#### RECORDS FOR THE TASK

__________________________________________________

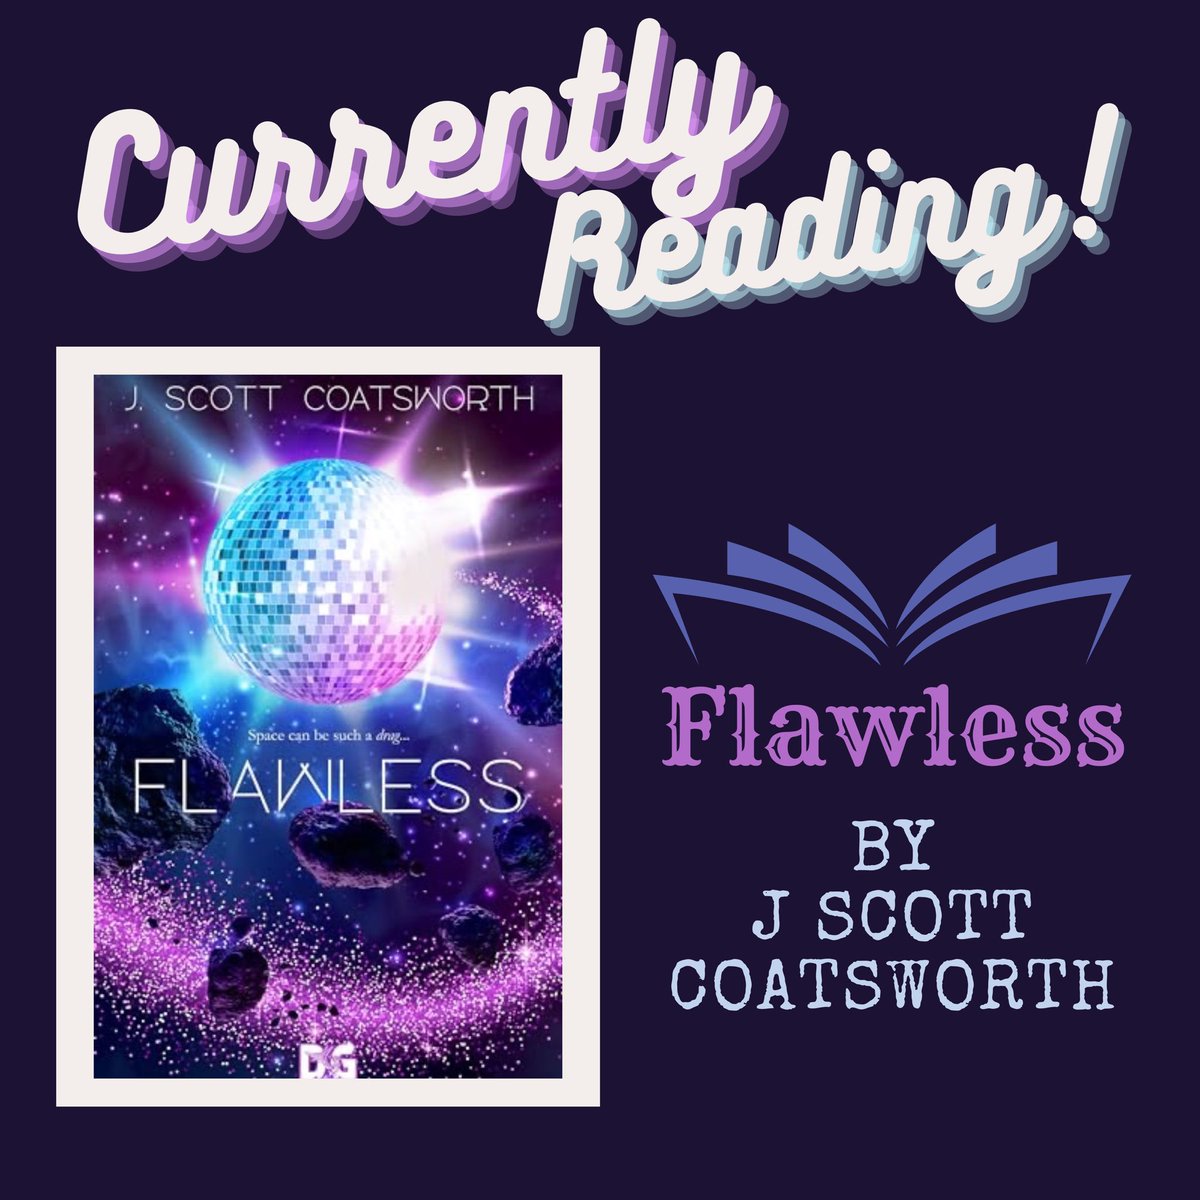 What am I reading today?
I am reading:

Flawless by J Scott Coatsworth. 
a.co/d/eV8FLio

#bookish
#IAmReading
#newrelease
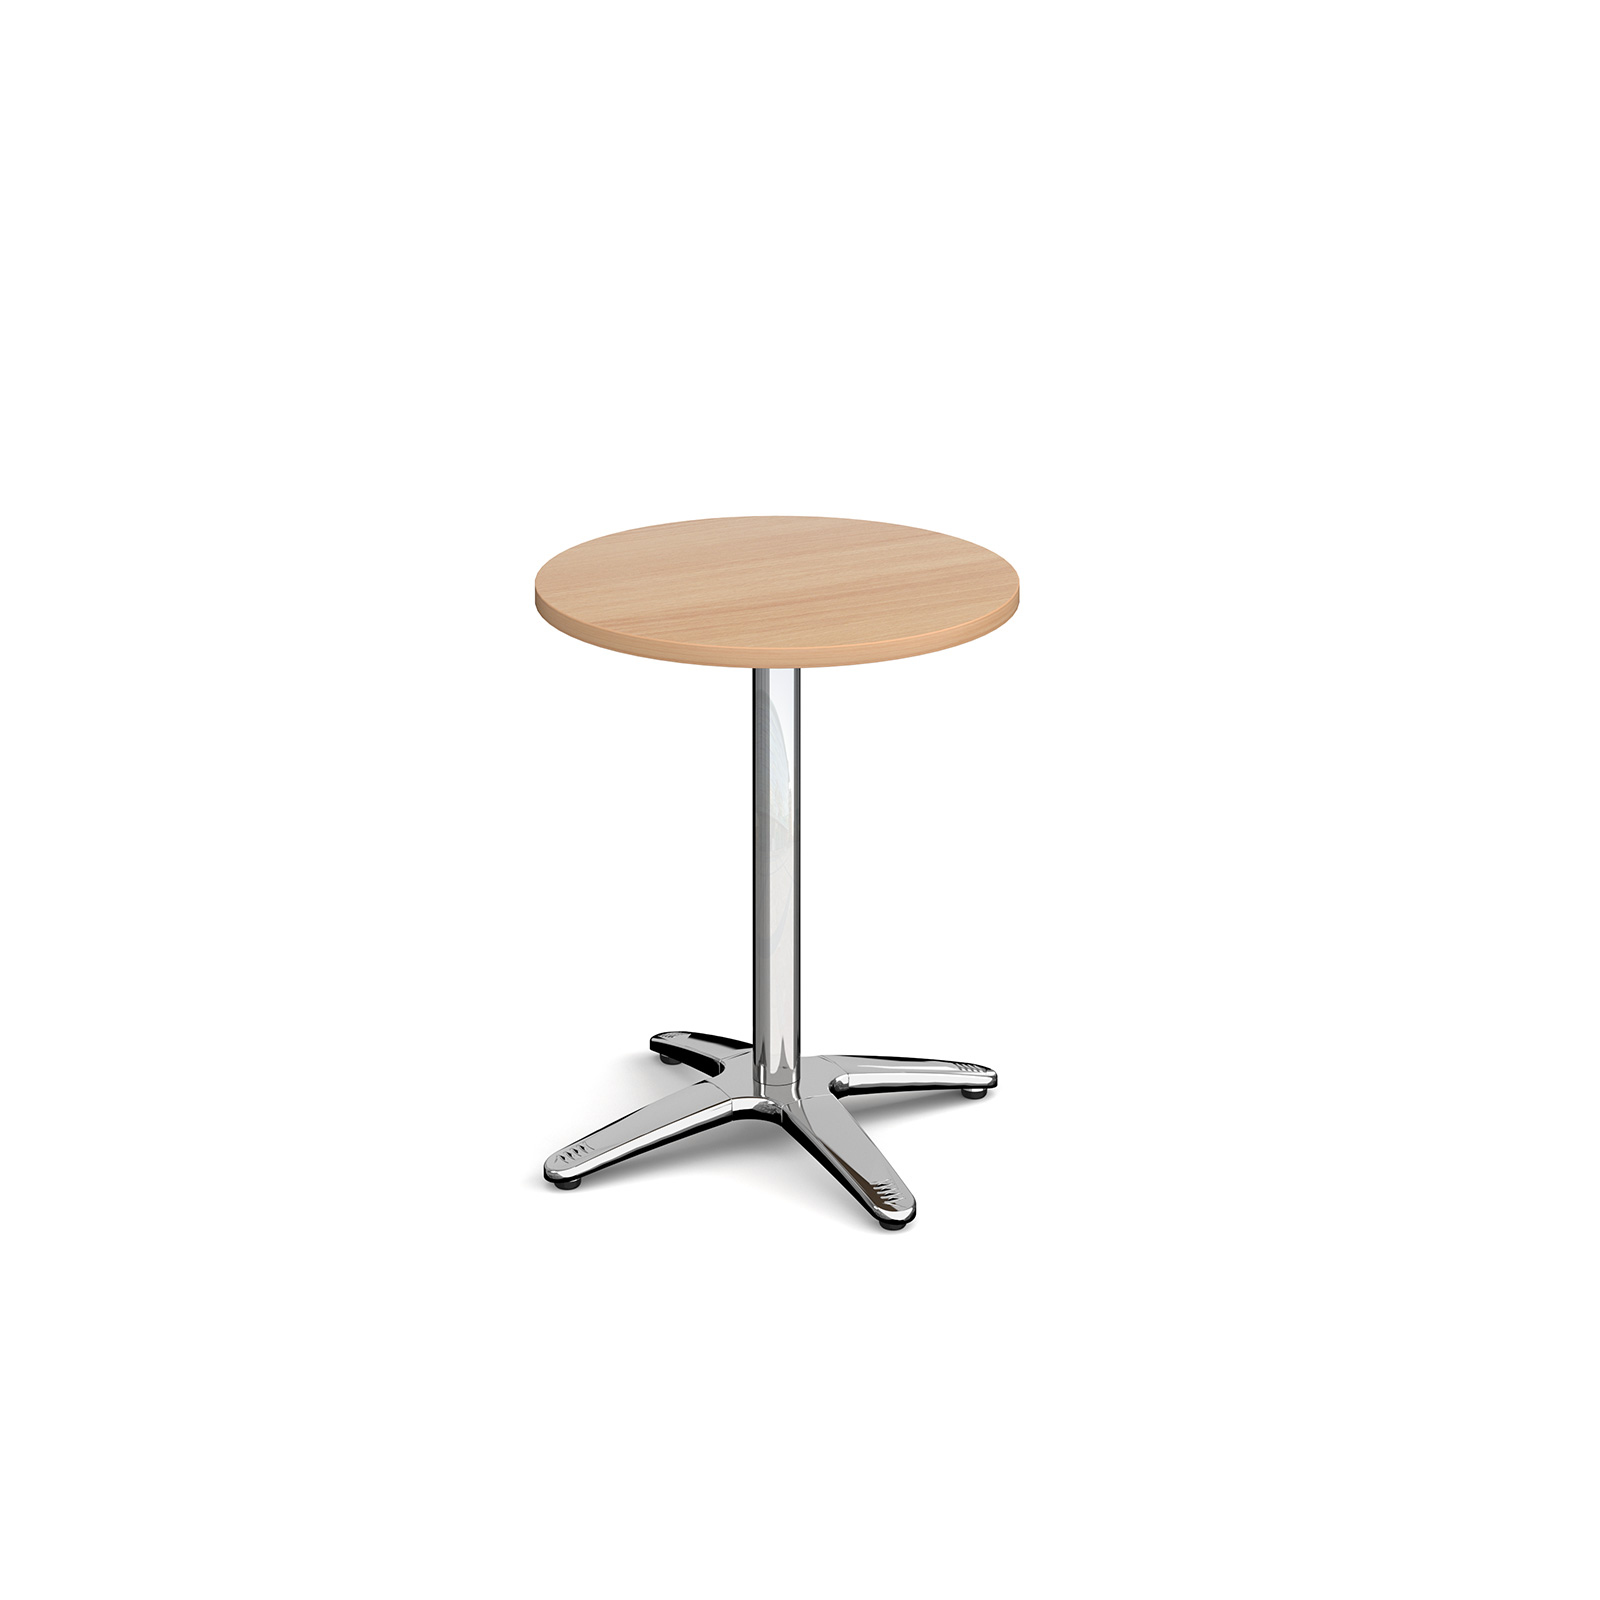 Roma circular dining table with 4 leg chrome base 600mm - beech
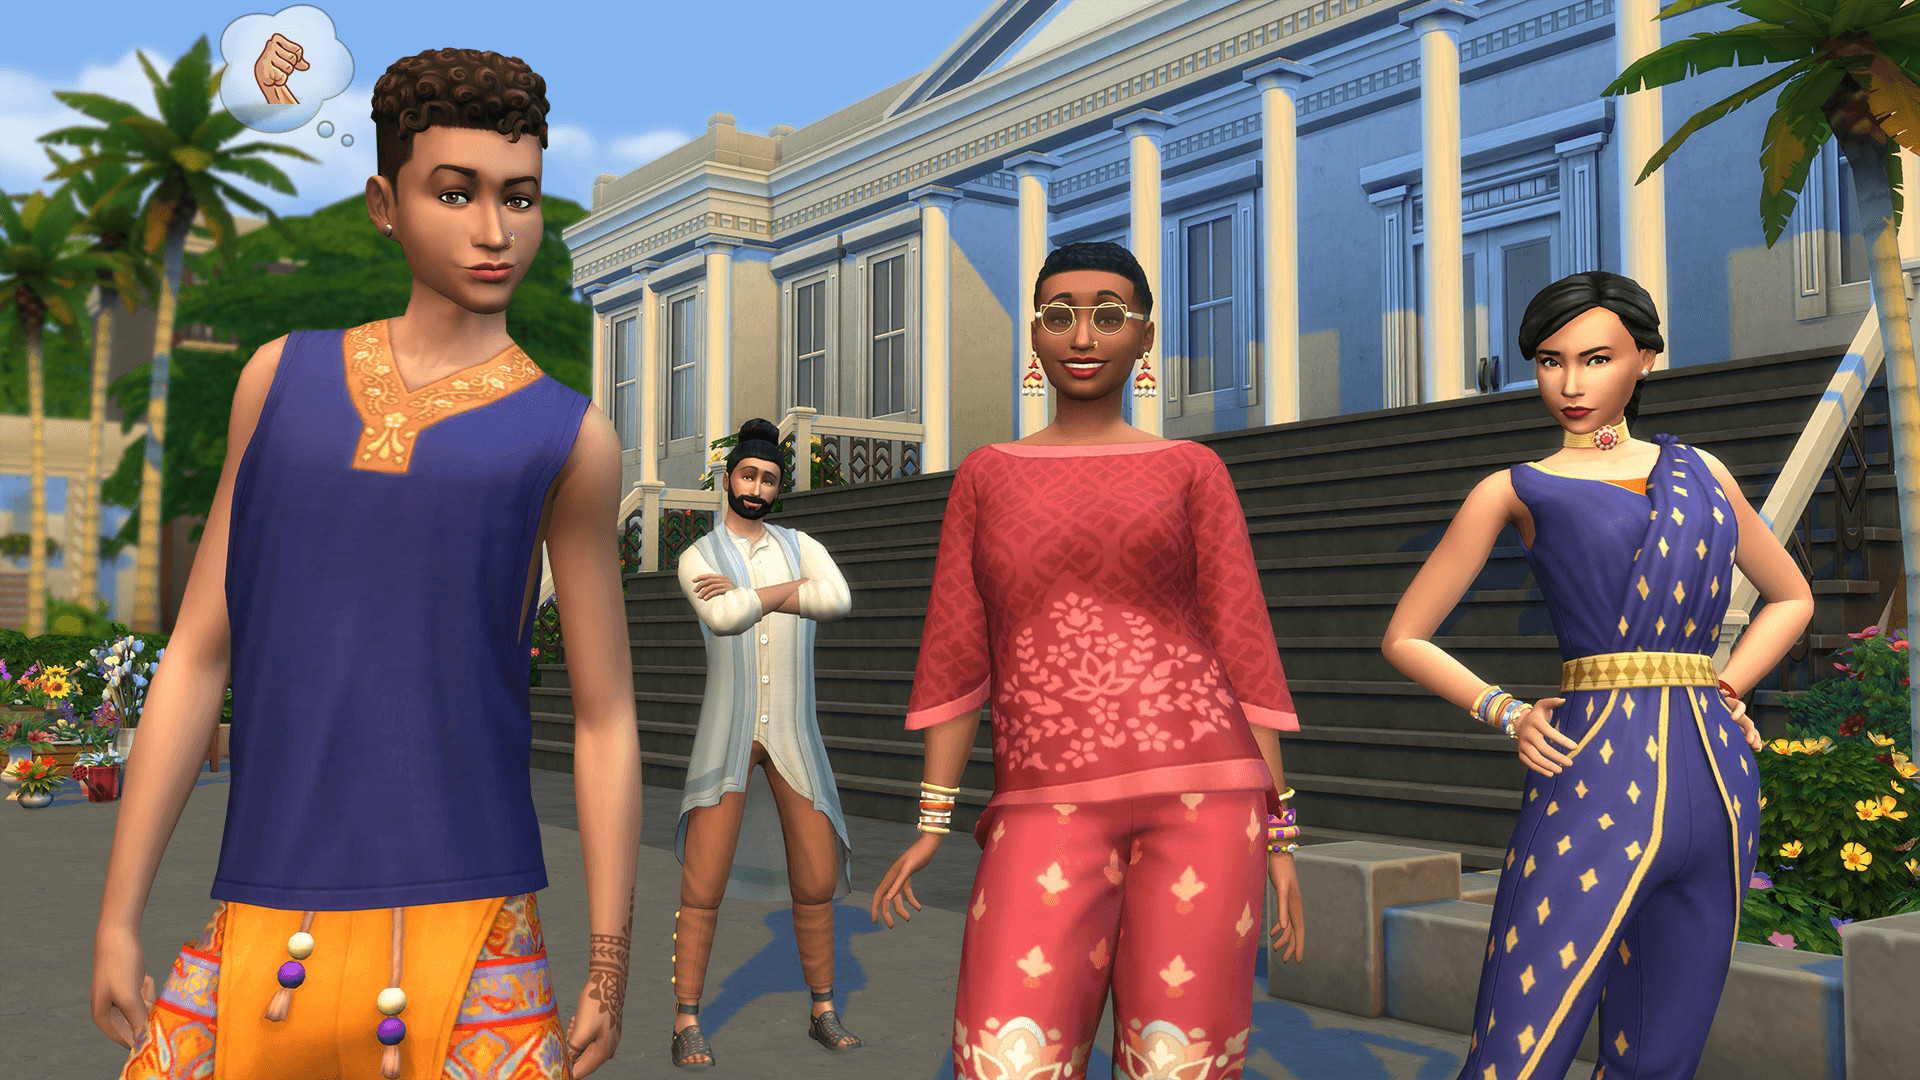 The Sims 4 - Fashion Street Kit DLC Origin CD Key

__________________________________________________

#### WHAT IS NEEDED
Print the complete listing exactly as it stands, without its pictures.

#### THE COMPLETED TASK
 What am I reading today?
I am reading:

Flawless by J Scott Coatsworth. 
a.co/d/eV8FLio

#bookish
#IAmReading
#newrelease
 Roma circular dining table with 4 leg chrome base 600mm - beech
 The Sims 4 - Fashion Street Kit DLC Origin CD Key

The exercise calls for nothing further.